第四十九話 九州改良計画と女王就任
九州入りした百襲姫一行は、各地で治水・土木事業を遂行していきます。その痕跡から窺える活動範囲は凄まじく、現在九州の拠点となっている場所で彼女らの影響がない場所を探す方が難しいです。
大袈裟でもなんでもなく、文字通り百襲姫のチームは九州という土地を創り出しました。国生みという神話をリアルに実行したのです。
いくつかわかりやすい例を紹介しますね。
①湯布院(大分県由布市)
【伝承】宇奈岐日女の蹴裂伝説
かつて湖だった由布院盆地の壁を、女神が蹴り裂いて水を抜き、豊かな土地に変えたという伝承が残っています。四国の大鯰と同じ構造ですよね。宇奈岐日女はもちろん百襲姫です。
この地におけるポイントは、盆地の排水と定住化です。標高の高い盆地に溜まった水を、地質の弱点を見極めて「切り通し」を作り、一気に排出する「初期の排水工法」。これにより、シラス地帯の過酷な低地を避け、安全で豊かな「高台の農地」を生み出しました。
②阿蘇(熊本県阿蘇郡)
【伝承】健磐龍命の蹴立て伝説
阿蘇外輪山の一部(立野)を蹴り破り、湖を干拓して農地にした。一度失敗し、二度目で成功したという泥臭い努力の物語。

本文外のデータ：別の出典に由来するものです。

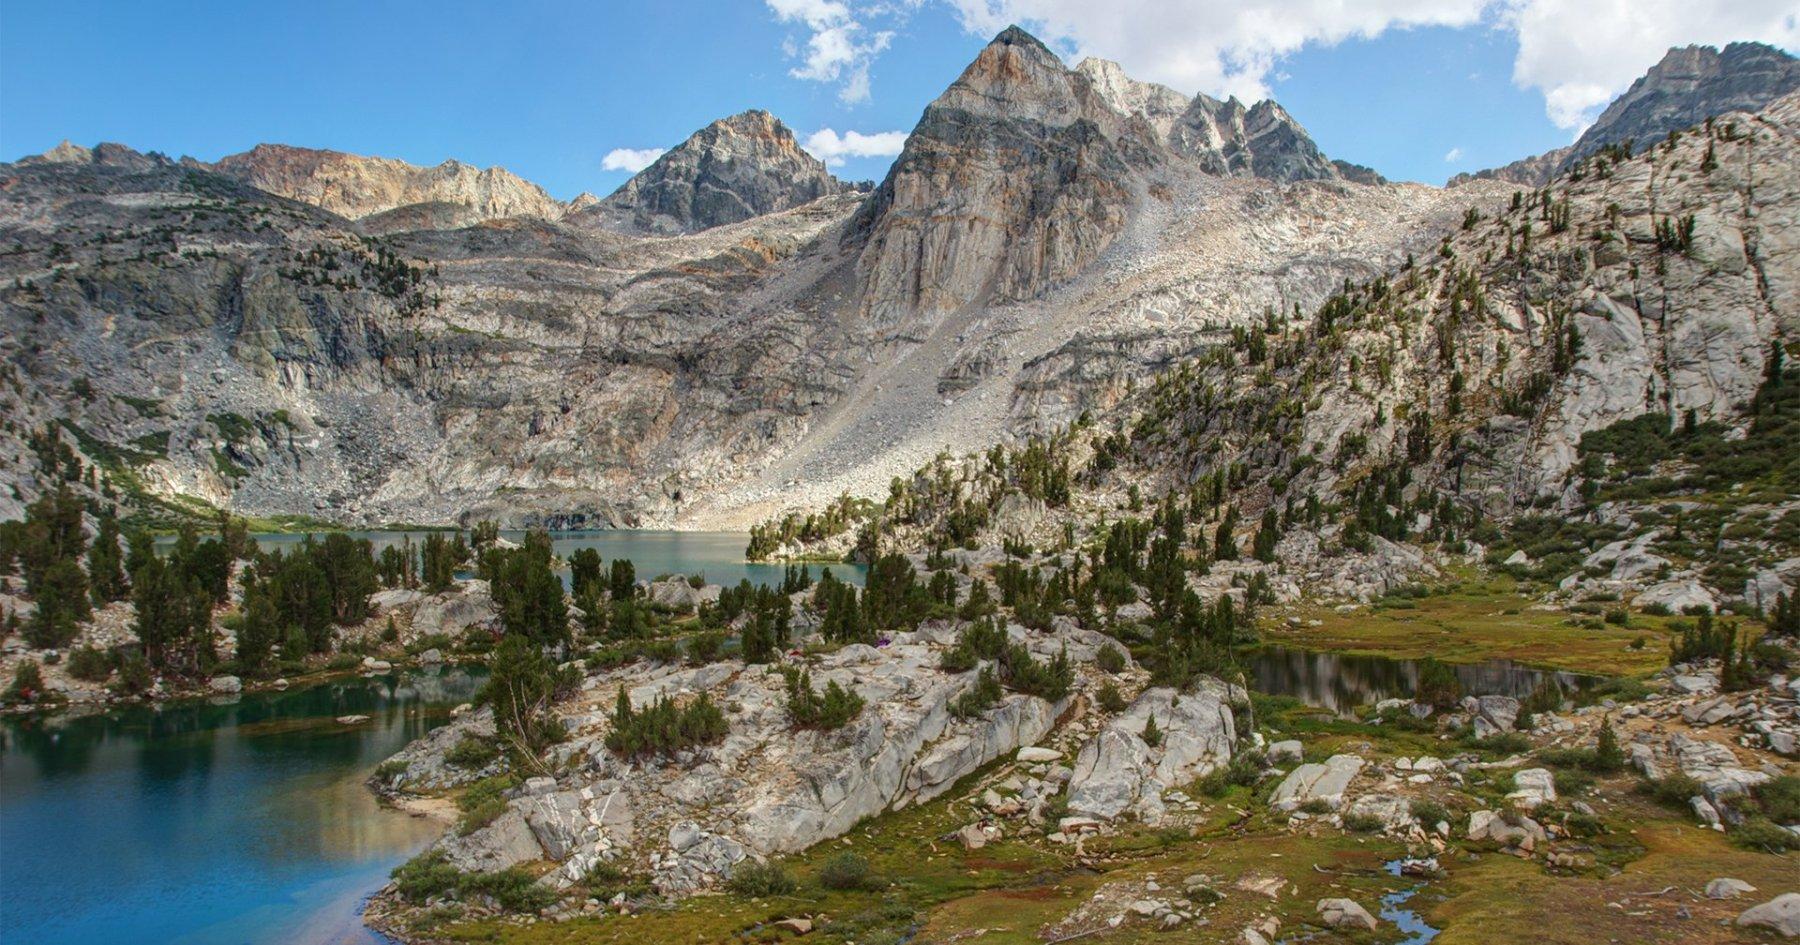 Gear Trails, Vol 2.: Hiking California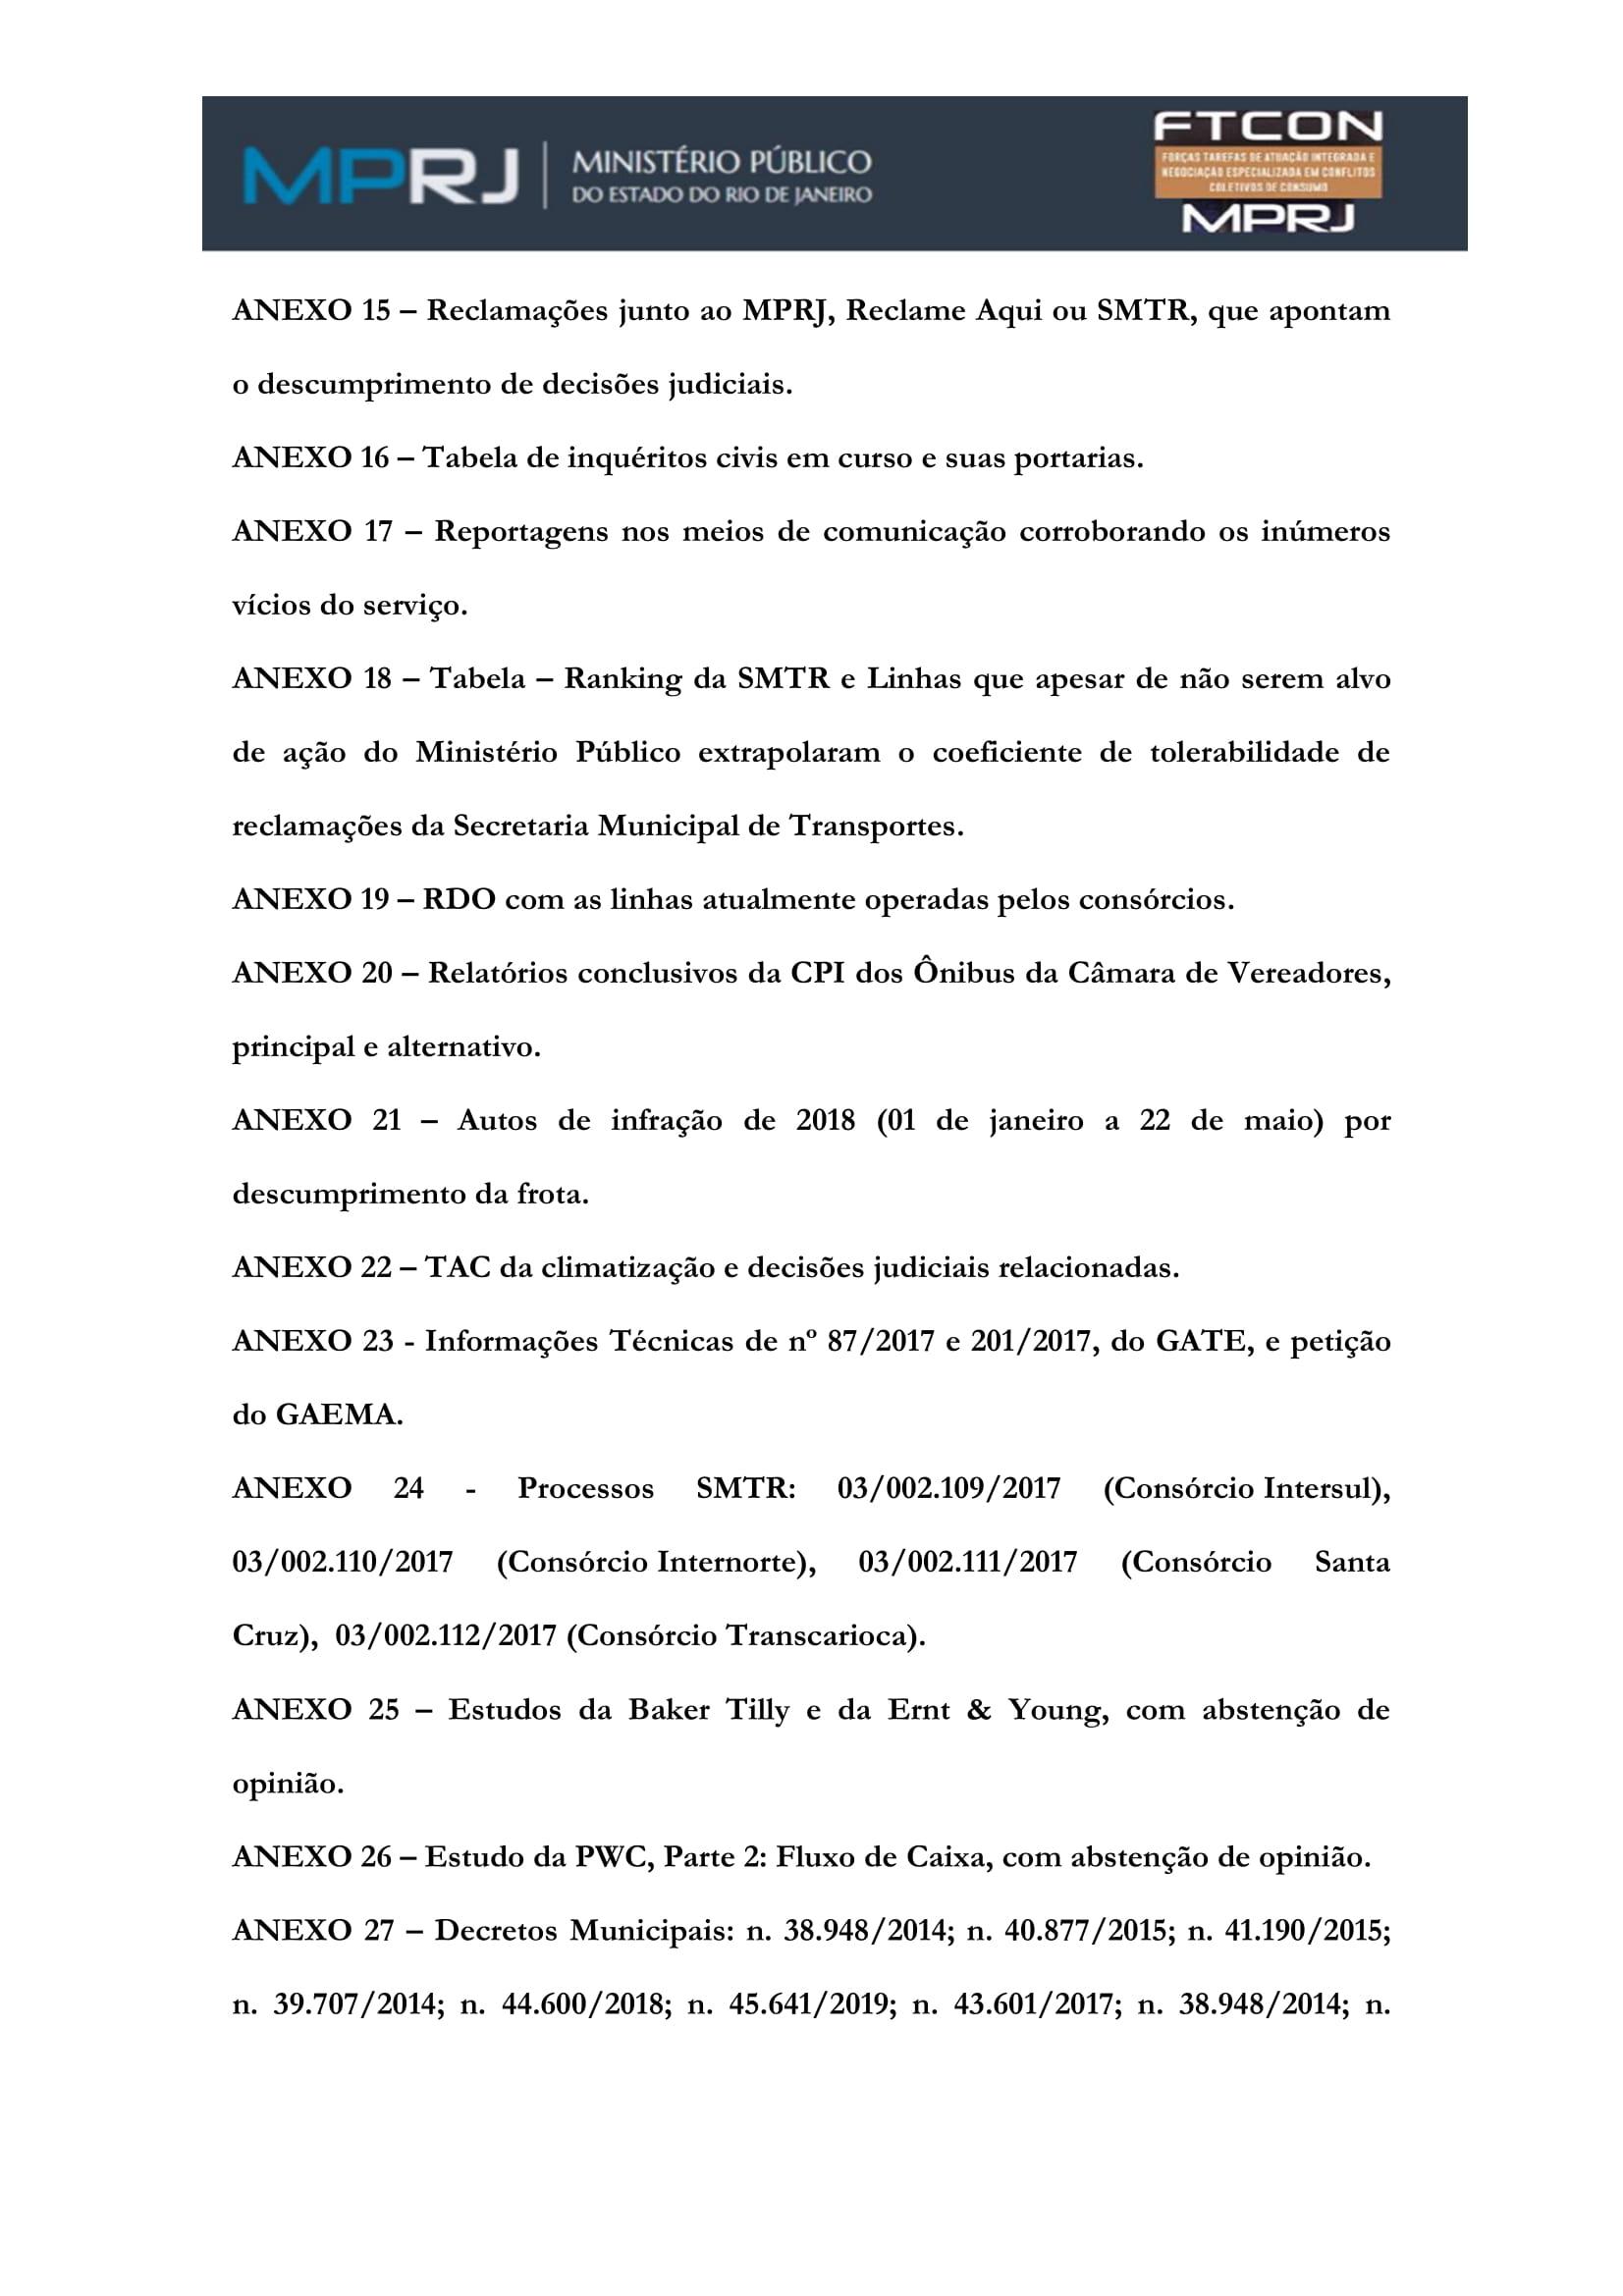 acp_caducidade_onibus_dr_rt-140

ここでのポイントは、大規模干拓と多段式治水です。単なる排水ではなく、広大なカルデラ内の水系を整理し、「湿地を乾田化する」という国家規模のプロジェクト。危険な場所だけに健磐龍命(=吉備津彦)が現場監督として主導したと考えるのが極めて自然です。一度失敗しているのも、百襲姫が現場にいなかったからとも考えられます。この失敗は地盤の再補強の必要性を示唆しており、この巨大プロジェクトの成功は百襲姫チームの技術の高さを示すと同時に、九州全土に応用されていくことになります。
③ 安心院(大分県宇佐市)
【伝承】三女神降臨と「三つの盆地」
宗像三女神(百襲姫)が宇佐の御許山から安心院の盆地へと降り立ち、拠点を定めた。
この地におけるポイントは、中継拠点の防衛と利水です。内陸と海を繋ぐ戦略的要衝である盆地において、三つの水系を「三女神」として分担・制御。複雑な盆地の地形を、測量によって効率的な物流・農業拠点へと最適化しました。この場所は、九州における百襲姫チームの本拠地となったと考えています。
④ 八坂(大分県杵築市)
【伝承】八岐大蛇退治
スサノオ(吉備津彦)とクシナダヒメ(百襲姫)が協力して(八つの頭を持つ大蛇を、八つの酒樽で眠らせて退治した。
この最大・最難関とも言える場所でのポイントは、前方後円墳による流体制御の完成です。氾濫を繰り返す八坂川の九の支流に対し、要所に「前方後円墳(酒樽)」を配置。一時的に水を溜め、流速を殺し、肥沃な土砂を沈殿させることで、河口域に広大な「砂浜(塩田・鉄場)」と農地を創出。百襲姫チームの「技術の集大成」です。
あ、ここ少し説明が必要ですよね。
八岐大蛇伝承は一般的に出雲の話だとされていますが、実際の舞台は大分の八坂川です。それを説明すると膨大な説明が必要になりますが、出雲が舞台ではない証拠はシンプルです。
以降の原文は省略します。